Through all that drive home, Lord Essenden sat uncomfortably upright in one corner of his car, sucking the knob of his umbrella and pondering unpleasant thoughts.
It was after midnight when he arrived, and the footman who opened the door informed him that Lady Essenden had gone to bed with a headache two hours earlier.
Essenden nodded and handed over his hat and coat. In exchange, he received one solitary letter, and the handwriting on the envelope was so familiar that he carried it to his study to open behind a locked door. The letter contained in the envelope was not so surprising to him as it would have been a month before.
Have a look at the safe behind the dummy row in your book-case.
And underneath were the replicas of the two drawings that he had seen before.
Essenden struck a match and watched the paper curl and blacken in an ash-tray. Then, with perfectly impassive fatalism, he went to the book-case and slid back the panel which on one shelf replaced a row of books. He had no anxiety about any of the papers there, for since the first burglary he had transferred every important document in his house to a safer place.
He opened the safe, and looked at the notebook he had lost in Paris.
Thoughtfully he flicked through the pages.
Every entry had been decoded, and the interpretation written neatly in between the lines.
Essenden studied the book for some minutes, and then he dropped it into his pocket and began to pace the room with short bustling strides.
The notebook had not been in the safe when he arrived back from Paris that afternoon.
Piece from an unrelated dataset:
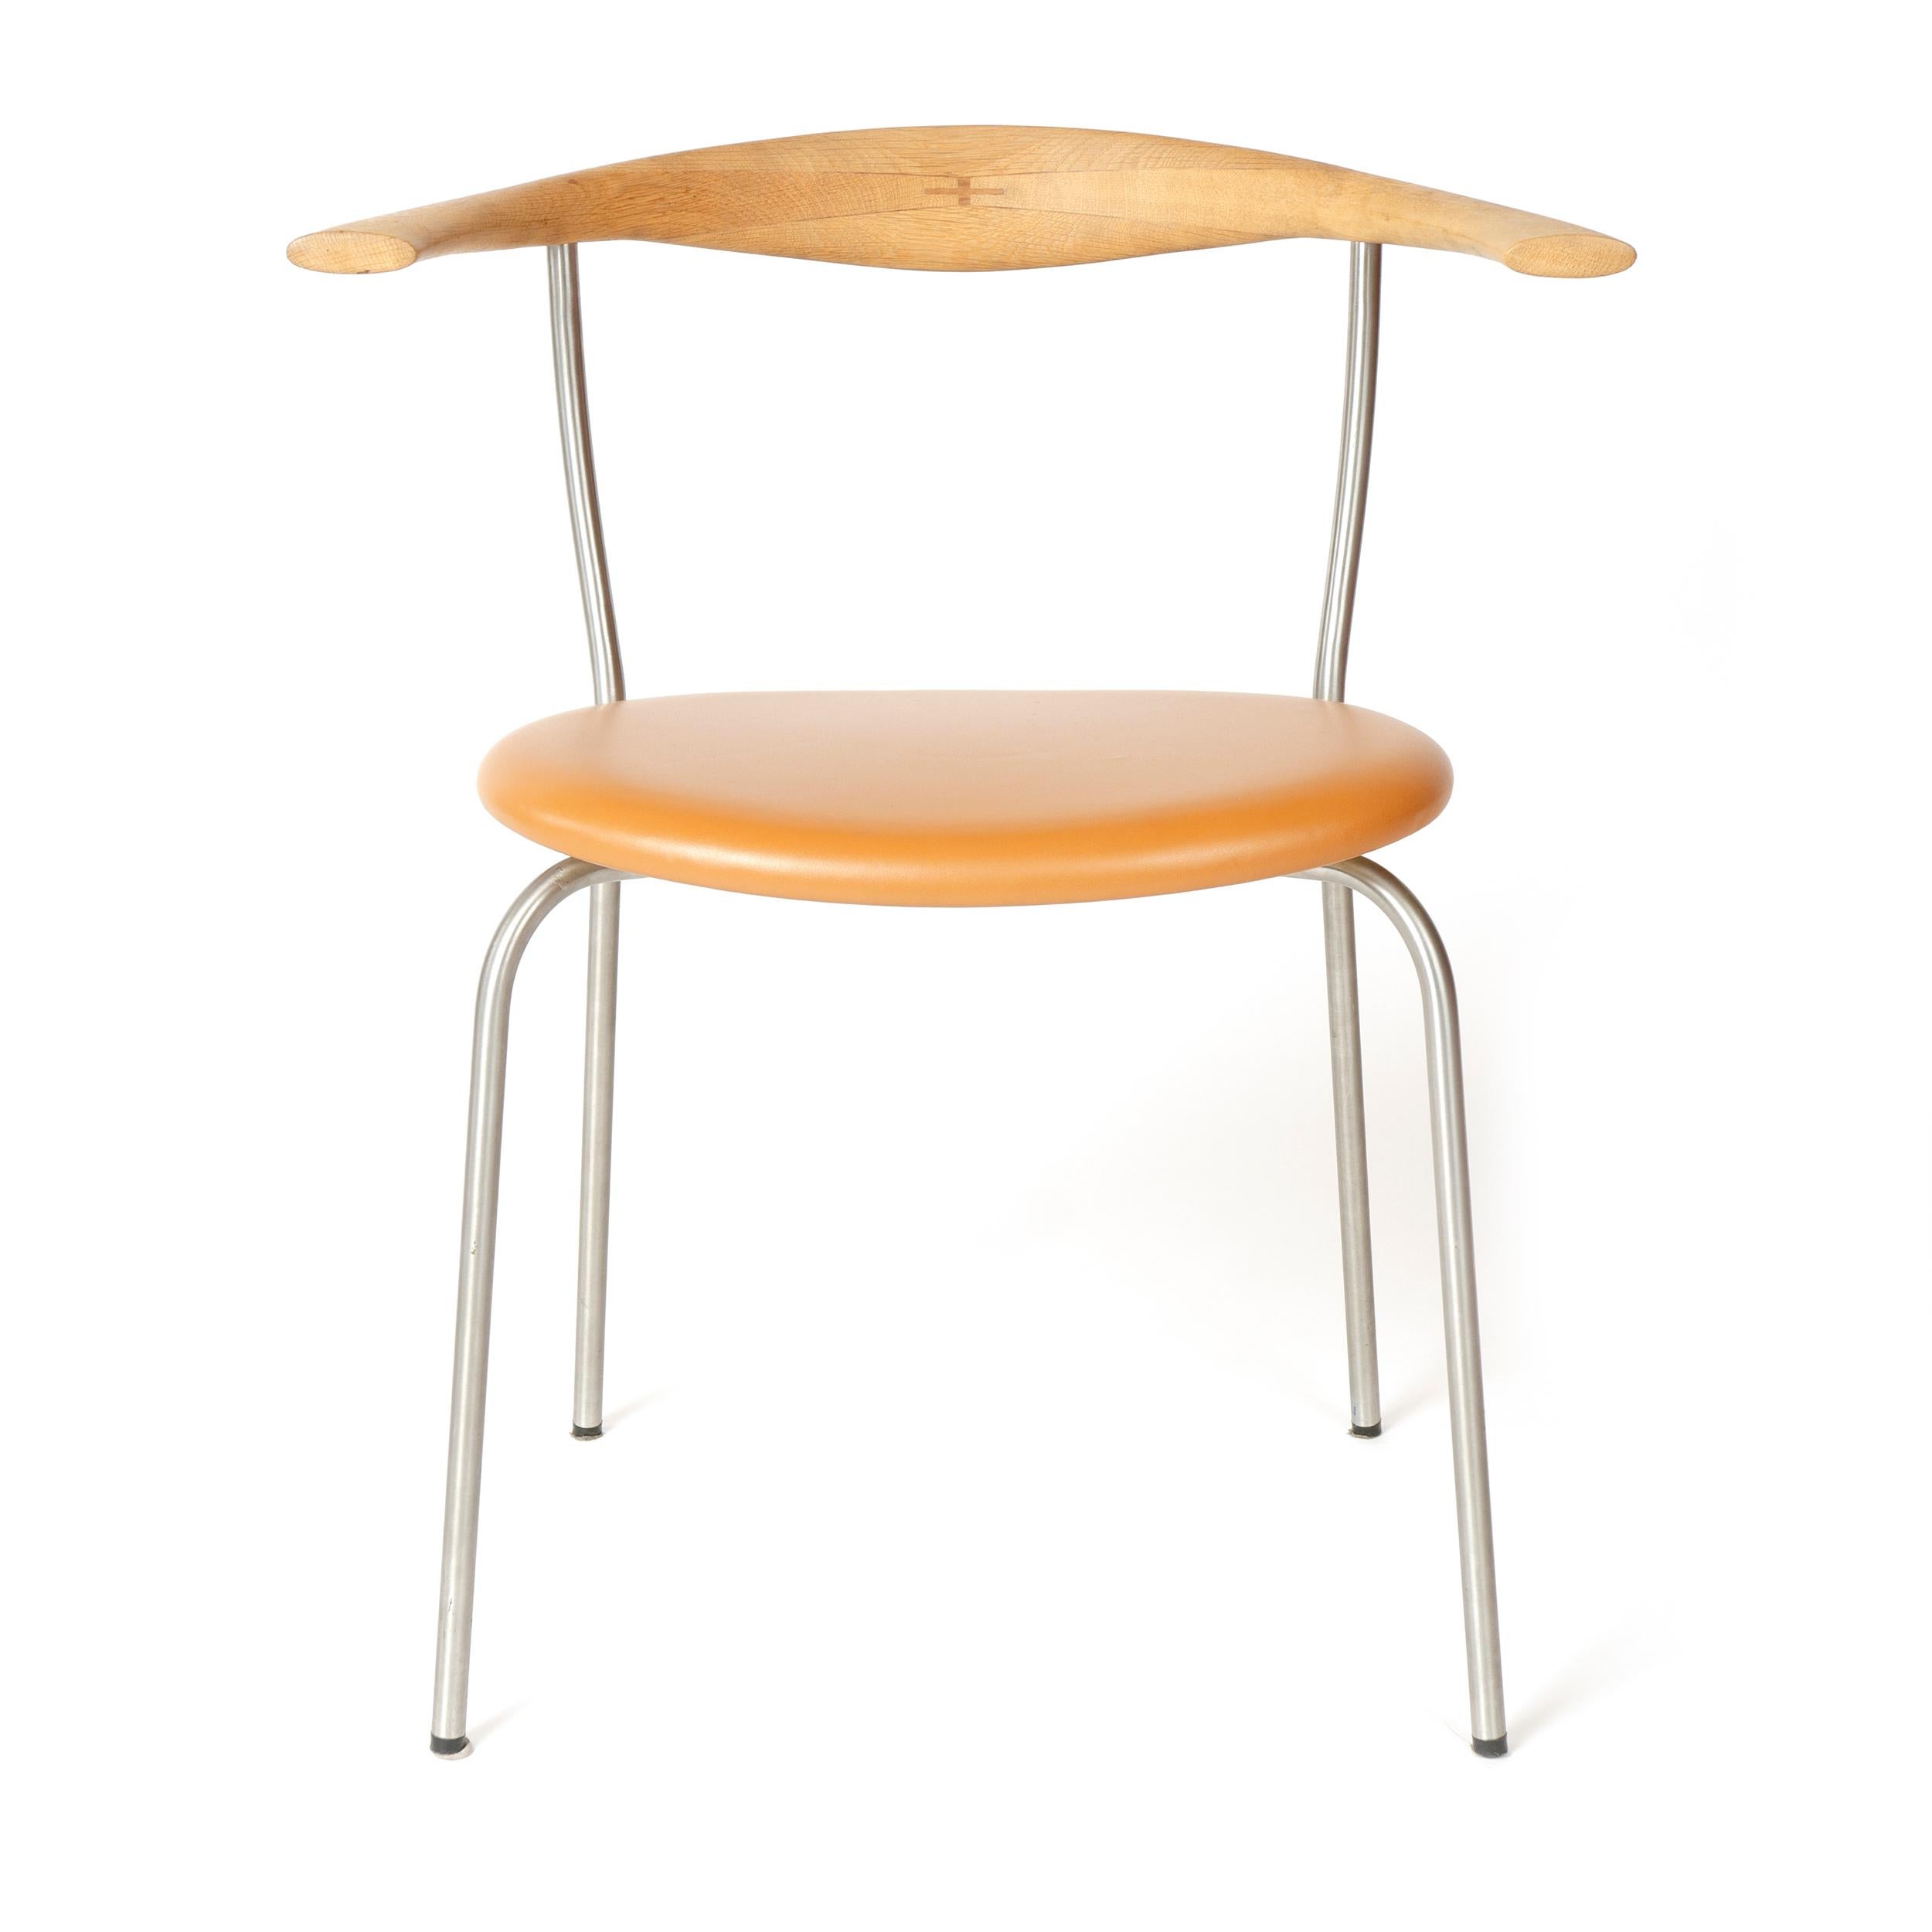 Danish Scandinavian Modern Model 701 Minimal Chair by Hans J. Wegner for PP Mobler

He knew that, for he had deposited some correspondence there before he left again to interview the Commissioner. And yet, to be delivered that night, the letter which told him to look in the safe must have been posted early that morning. And early that morning Jill Trelawney and the Saint were in Paris—and the letter was postmarked in London. There was something terrifying about the ruthless assurance which emerged from the linking of those two facts.